An immediate consequence of Theorem 3.1(ii) of Ch. XV of Hochschild's book "The structure of Lie groups" is that in such a Lie group, maximal compact subgroups meet every connected component (and are all conjugate to each other by part (iii)). So your question thereby reduces to the case of compact Lie groups.

Consider a compact Lie group $K$, and let $T$ be a maximal torus in $K$. I claim that the normalizer $N_K(T)$ (whose identity component is $T$) maps onto $\pi_0(K)$, so we could then replace $K$ with $N_K(T)$ to reduce to the case when $K^0$ is a torus. To prove the claim, for any $\gamma \in \pi_0(K)$ and $k \in K$ lifting $\gamma$, the conjugate $kTk^{-1}$ is a maximal torus in $K^0$, so it is $K^0$-conjugate to $T$. That enables us to change $k$ by left multiplication against an element of $K^0$ so that $kTk^{-1}=T$, thereby verifying that $N_K(T) \rightarrow \pi_0(K)$ is surjective.

Now we may assume $K^0$ is a torus $T$, so we seek to show that if $G$ is an extension of a finite group $\Gamma$ by a torus $T$ then $G$ contains a finite subgroup mapping onto $\Gamma$. Since $T$ is commutative, it is a $\Gamma$-module via $G$-conjugation on $T$ (since $G/T = \Gamma$). This enables us to define ${\rm{H}}^2(\Gamma, T)$, and the isomorphism class of $G$ as an extension of $\Gamma$ by $T$ is classified by a class in this cohomology group (with $T$ encoding the analytic structure on $G$). Since this cohomology group is killed by the size $n$ of $\Gamma$, we see that ${\rm{H}}^2(\Gamma, T[n]) \rightarrow {\rm{H}}^2(\Gamma, T)$ is surjective (consider the $\Gamma$-cohomology sequence attached to the exact sequence $1 \rightarrow T[n] \rightarrow T \stackrel{n}{\rightarrow} T \rightarrow 1$). Hence, we get a finite group $E$ that is an extension of $\Gamma$ by $T[n]$ such that its pushout along the inclusion $T[n] \rightarrow T$ is $G$. That identifies $E$ as a finite subgroup of $G$ mapping onto $\Gamma = \pi_0(G)$.

QED

**EDIT**: I should also note that the analogue for linear algebraic groups is much more elementary to prove insofar as it avoids the hard work on maximal compact subgroups in the presence of disconnectedness, and perhaps this suffices for the motivating application (which was not explained much in the question posted). Namely, if $G$ is a linear algebraic group over a field $F$ of characteristic 0 then we claim there is a finite $F$-subgroup in $G$ that meets all connected components of $G_{\overline{F}}$. Indeed, if $T$ is a maximal $F$-torus in $G$ then $N_G(T)$ maps onto the finite etale $F$-group $G/G^0$ by a calculation with $\overline{F}$-points exactly as in the compact case above, so we reduce to the case when $G^0$ is a torus.
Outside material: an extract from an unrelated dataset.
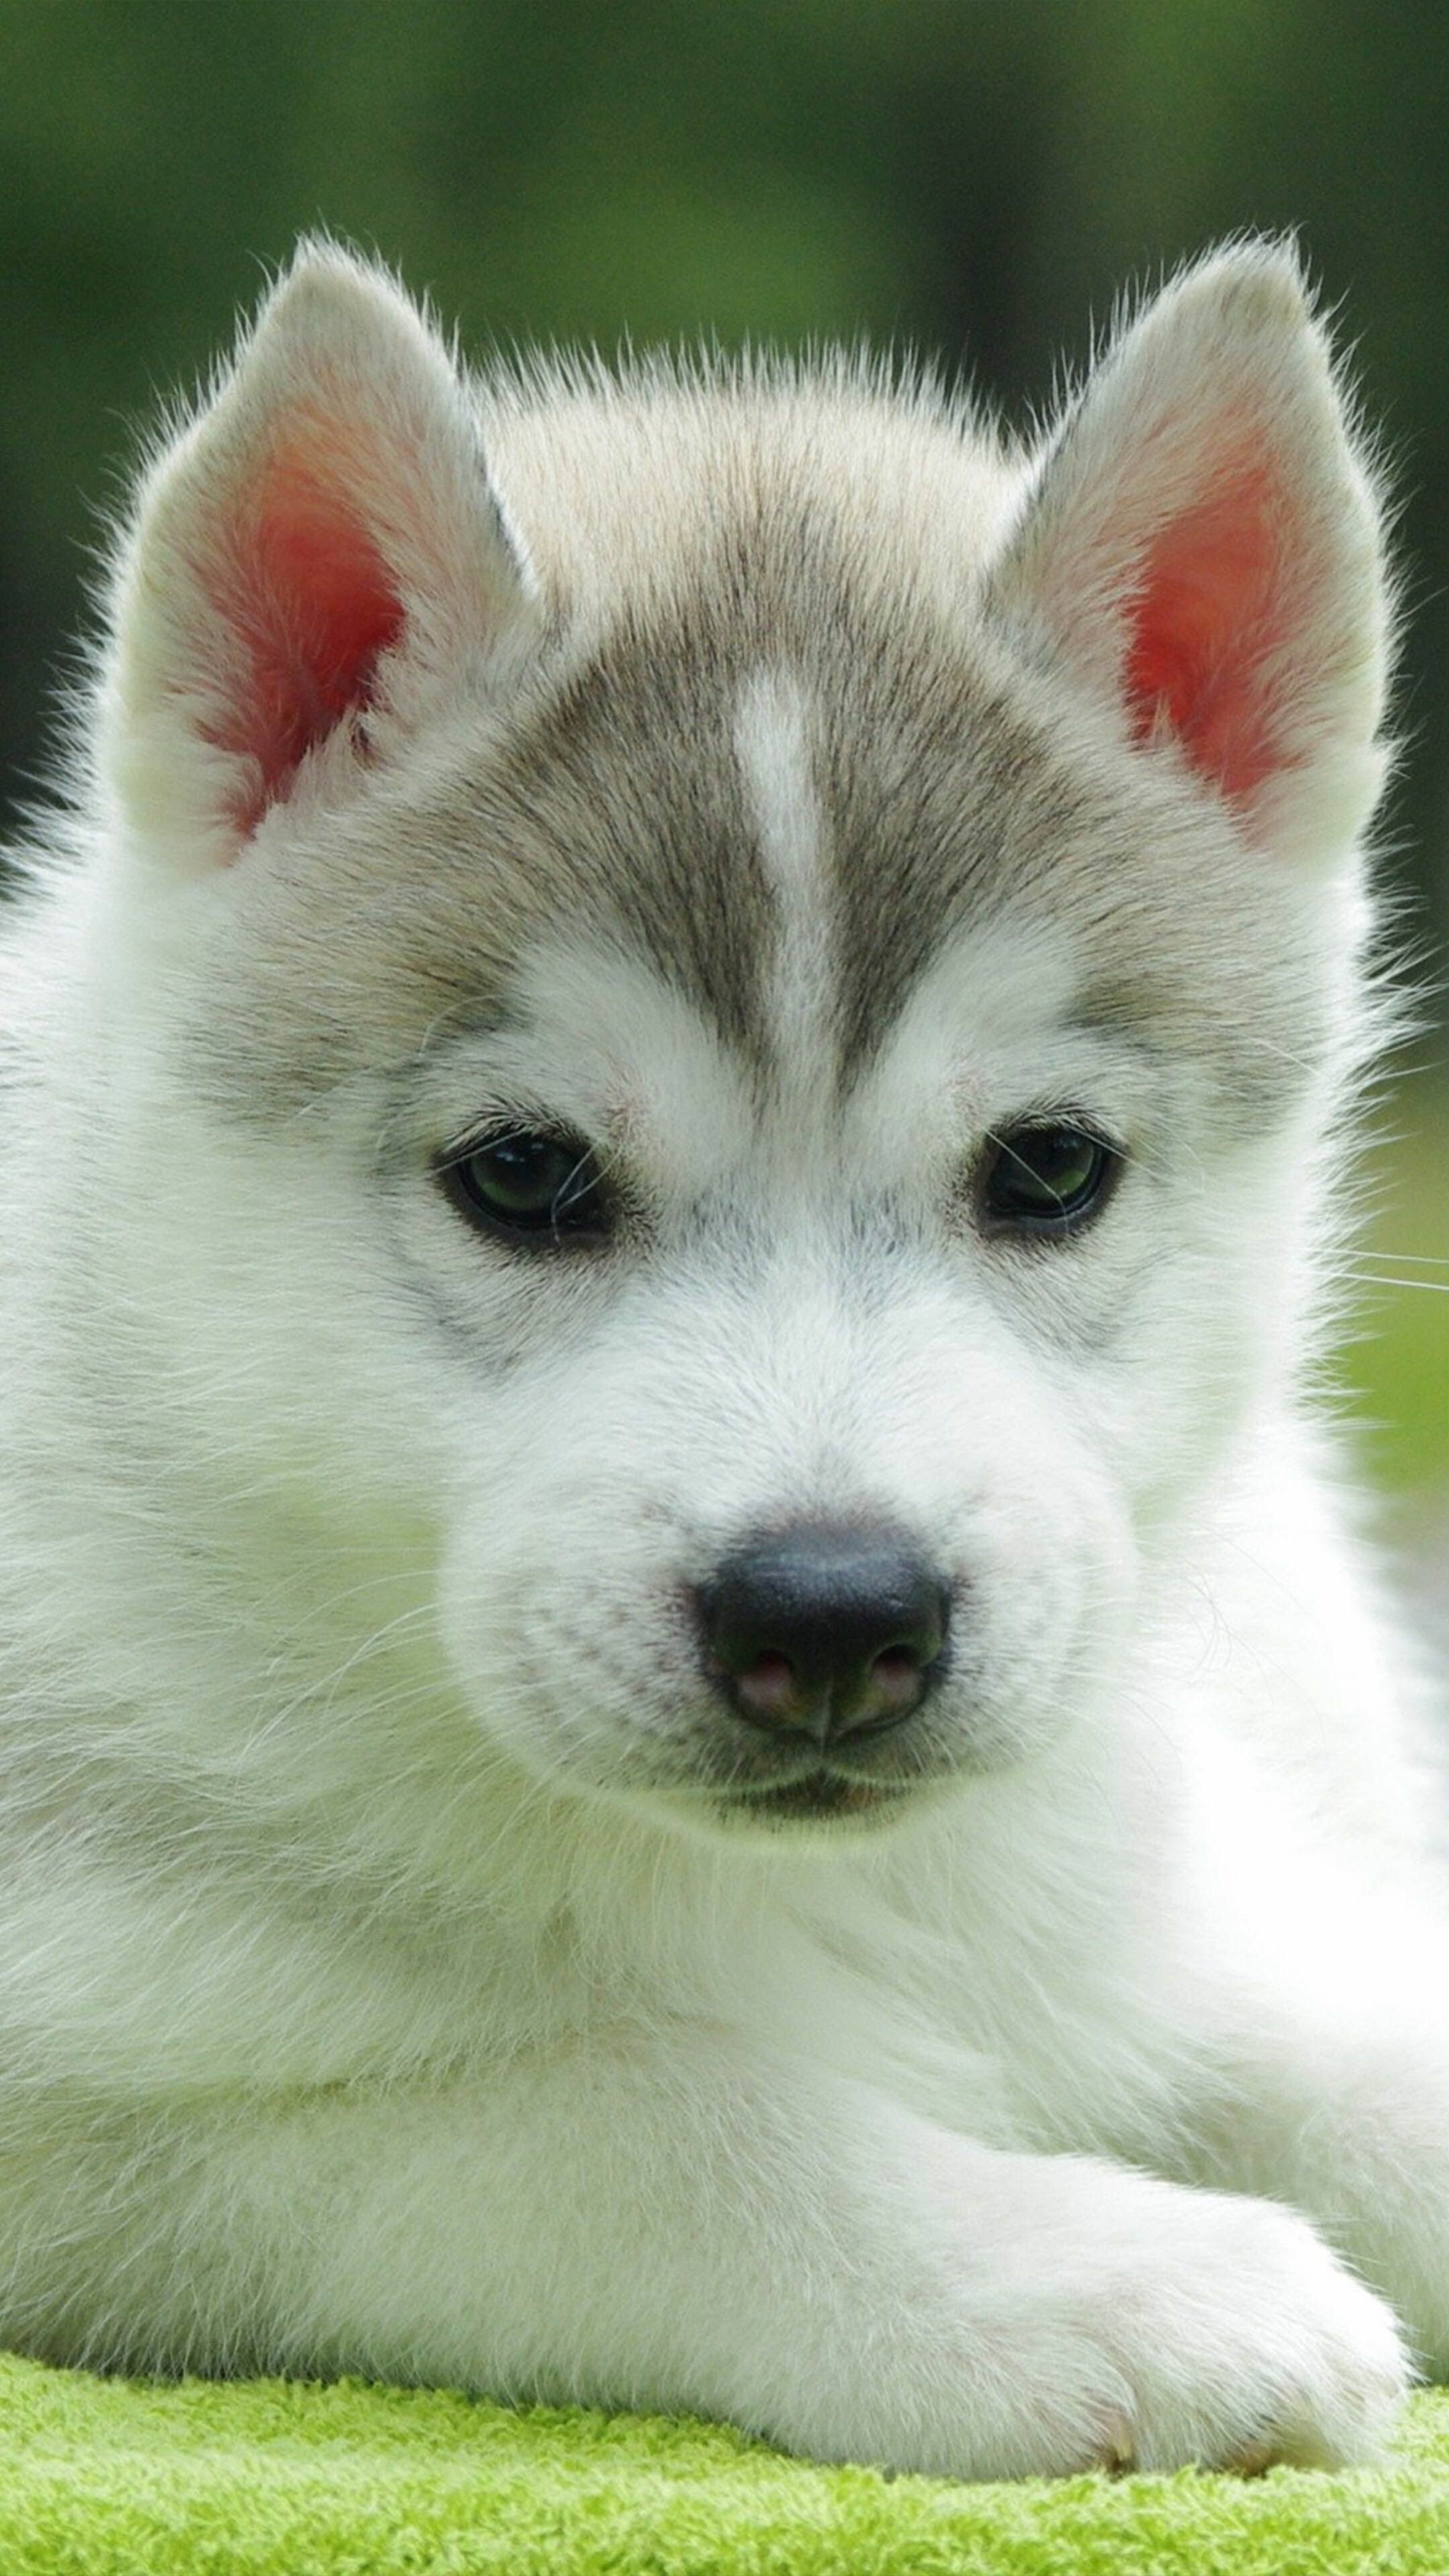 Siberian Husky, Cute puppy, 4K Ultra HD, Mobile wallpaper, 2160x3840 4K Phone

If $F$ is algebraically closed then we can carry out the degree-2 group cohomology argument as in the compact case above to conclude. For general $F$ we can proceed similarly by working with the abelian category of $\Gamma$-modules for the etale topology on the category of finite type $F$-schemes, with $\Gamma$ a finite $F$-group, and considering the sheafified "standard cochain" complex for such $\Gamma$.